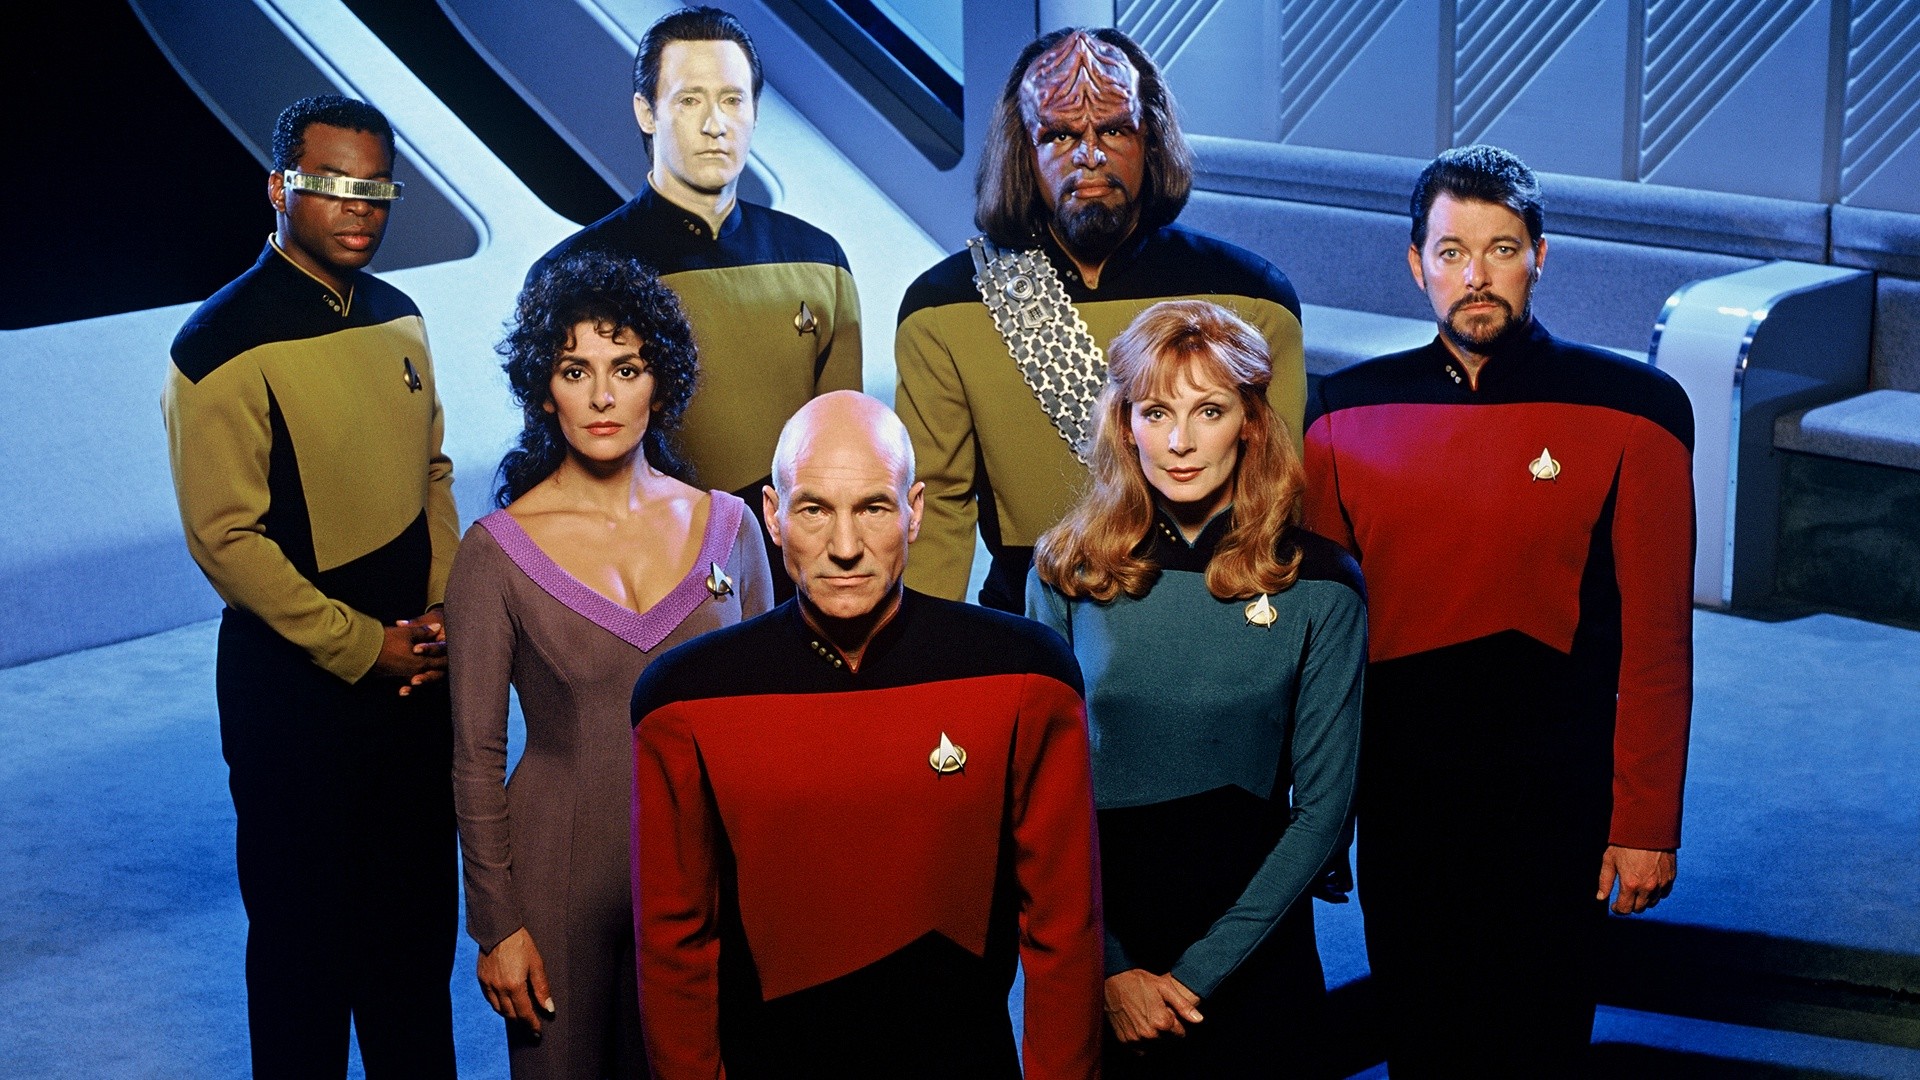 Canal americano vai lançar nova série 'Star Trek' (Foto: Divulgação)
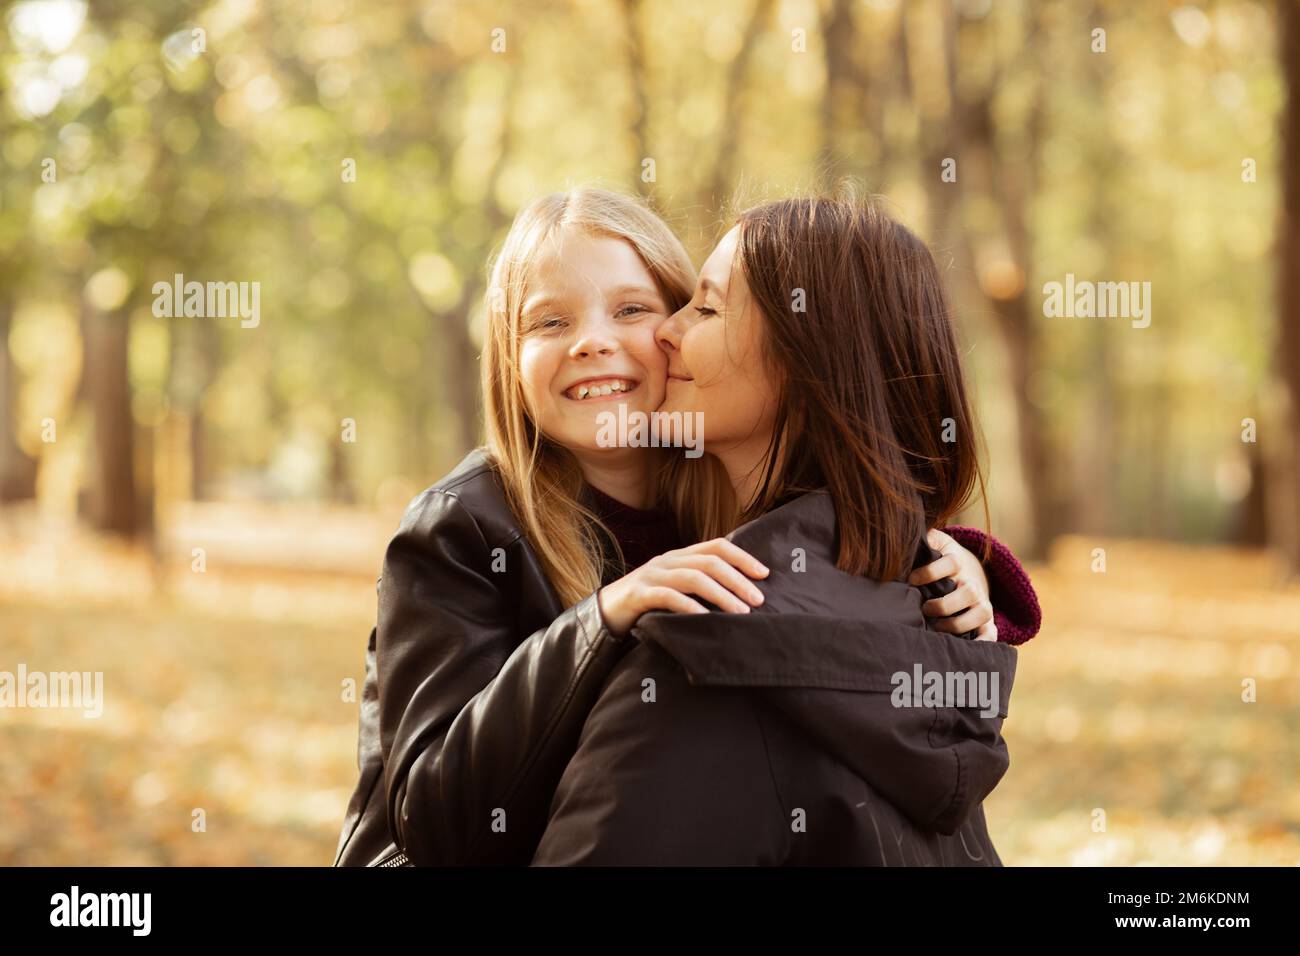 Ritratto di famiglia di giovane donna e ragazza adolescente che cammina nella foresta. Madre che tiene la figlia tra le braccia, baciando la guancia. Foto Stock
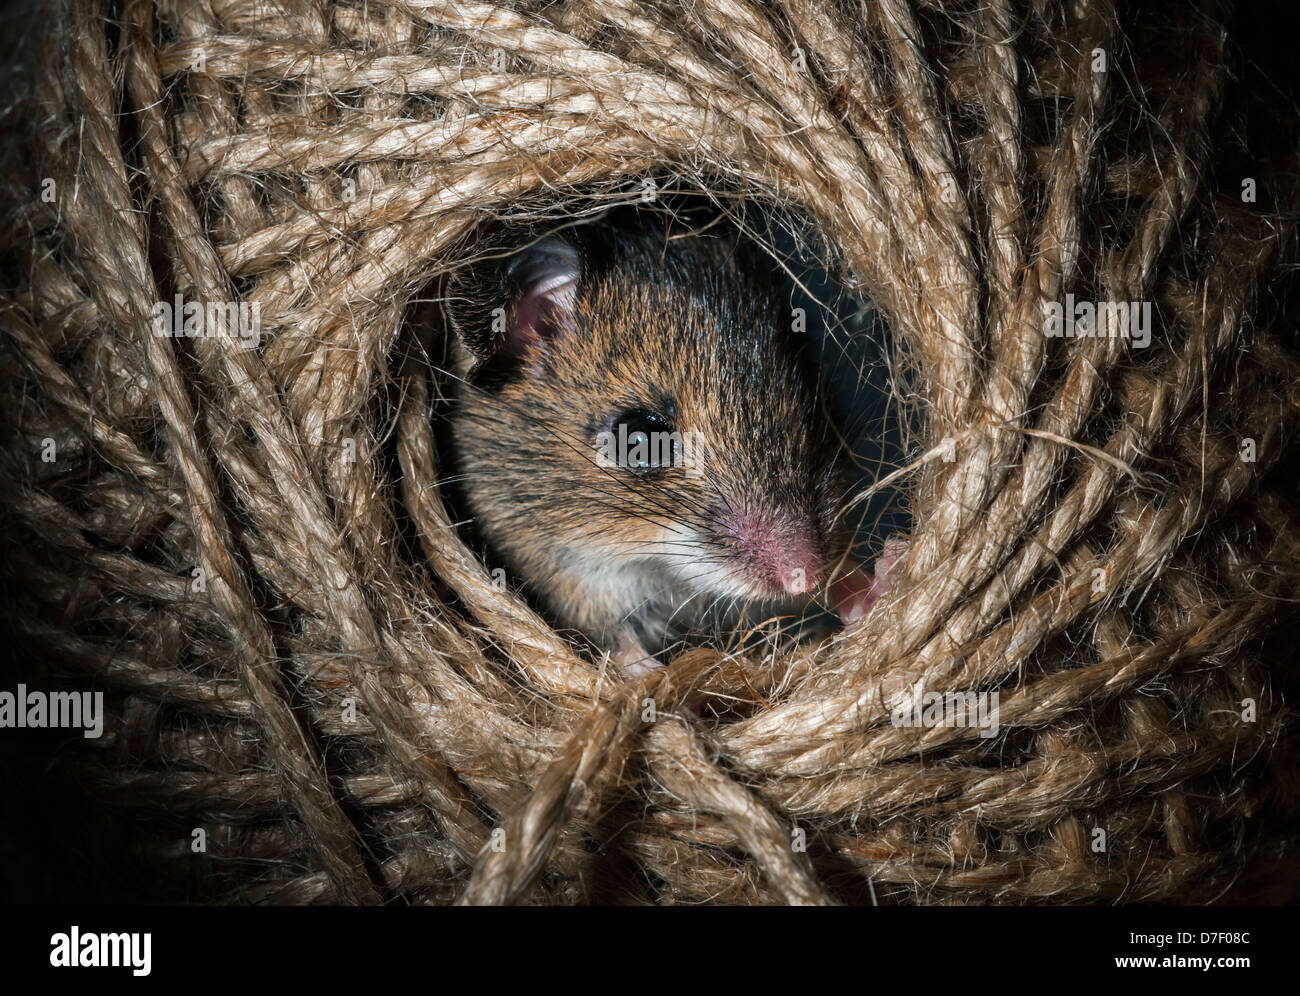 Ratón de madera escondido en una bola de hilo Foto de stock
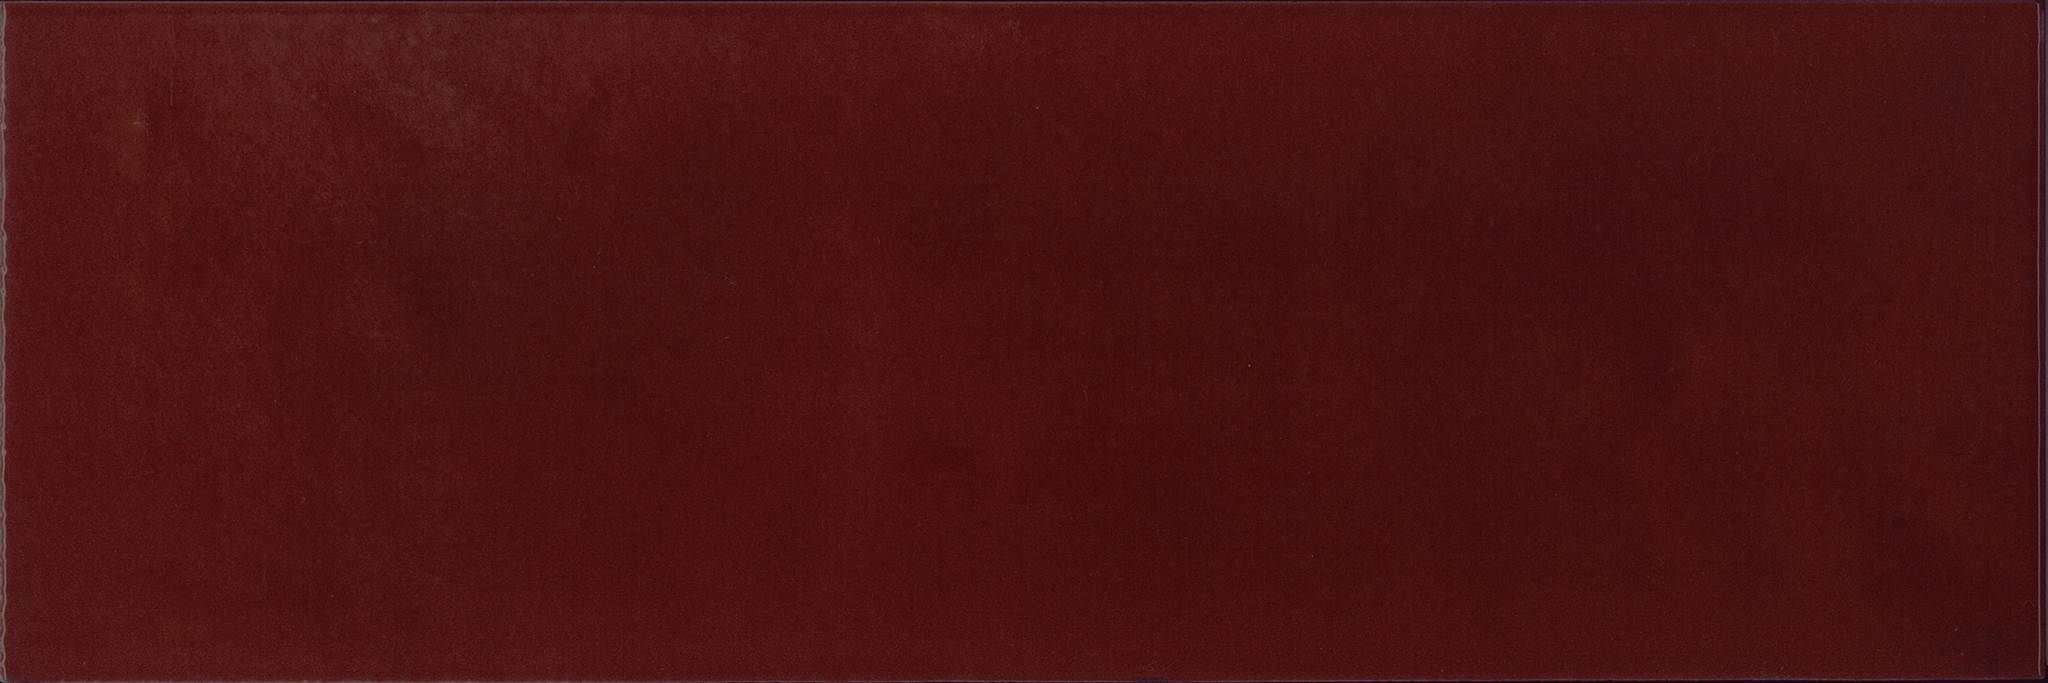 Керамическая плитка Absolut Keramika Granate Milano Brillo, цвет бордовый, поверхность глянцевая, прямоугольник, 100x300
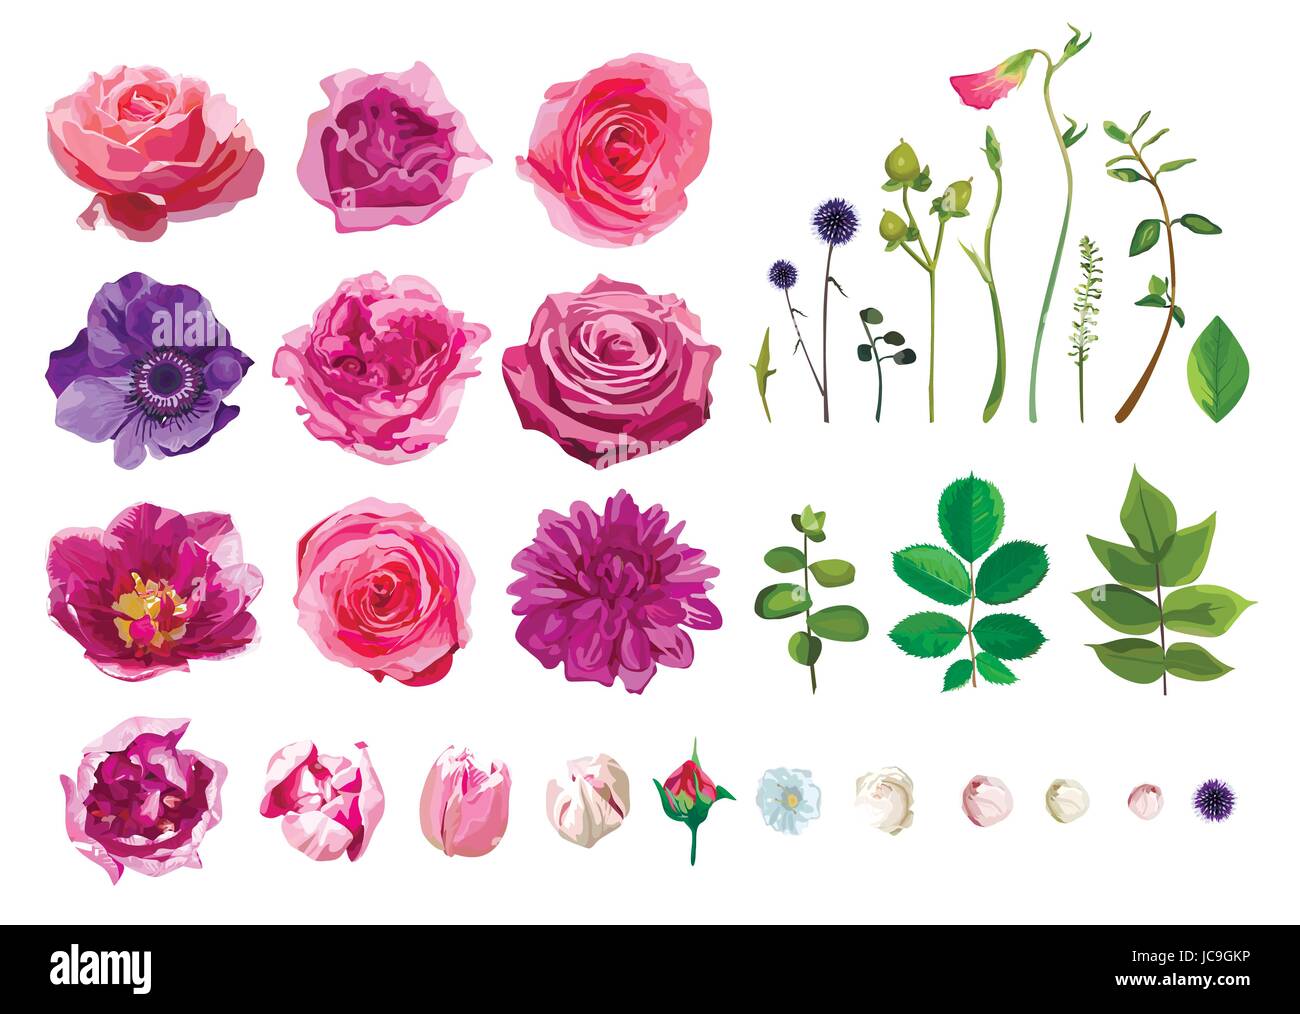 Vektor große Auswahl von verschiedenen Blumen Blätter einschließlich Rose, Dahlia Daisy Anemone Tulip isoliert auf weißem Hintergrund. Rosa, lila grün Aquarell Stock Vektor

- **PROBLEM REQUIREMENTS**
The material above is to be transcribed exactly, with its images omitted.

- **ANSWER BOX**
 Canal americano vai lançar nova série 'Star Trek' (Foto: Divulgação)
 Ritratto di famiglia di giovane donna e ragazza adolescente che cammina nella foresta. Madre che tiene la figlia tra le braccia, baciando la guancia. Foto Stock
 Ratón de madera escondido en una bola de hilo Foto de stock
 Керамическая плитка Absolut Keramika Granate Milano Brillo, цвет бордовый, поверхность глянцевая, прямоугольник, 100x300
 Vektor große Auswahl von verschiedenen Blumen Blätter einschließlich Rose, Dahlia Daisy Anemone Tulip isoliert auf weißem Hintergrund. Rosa, lila grün Aquarell Stock Vektor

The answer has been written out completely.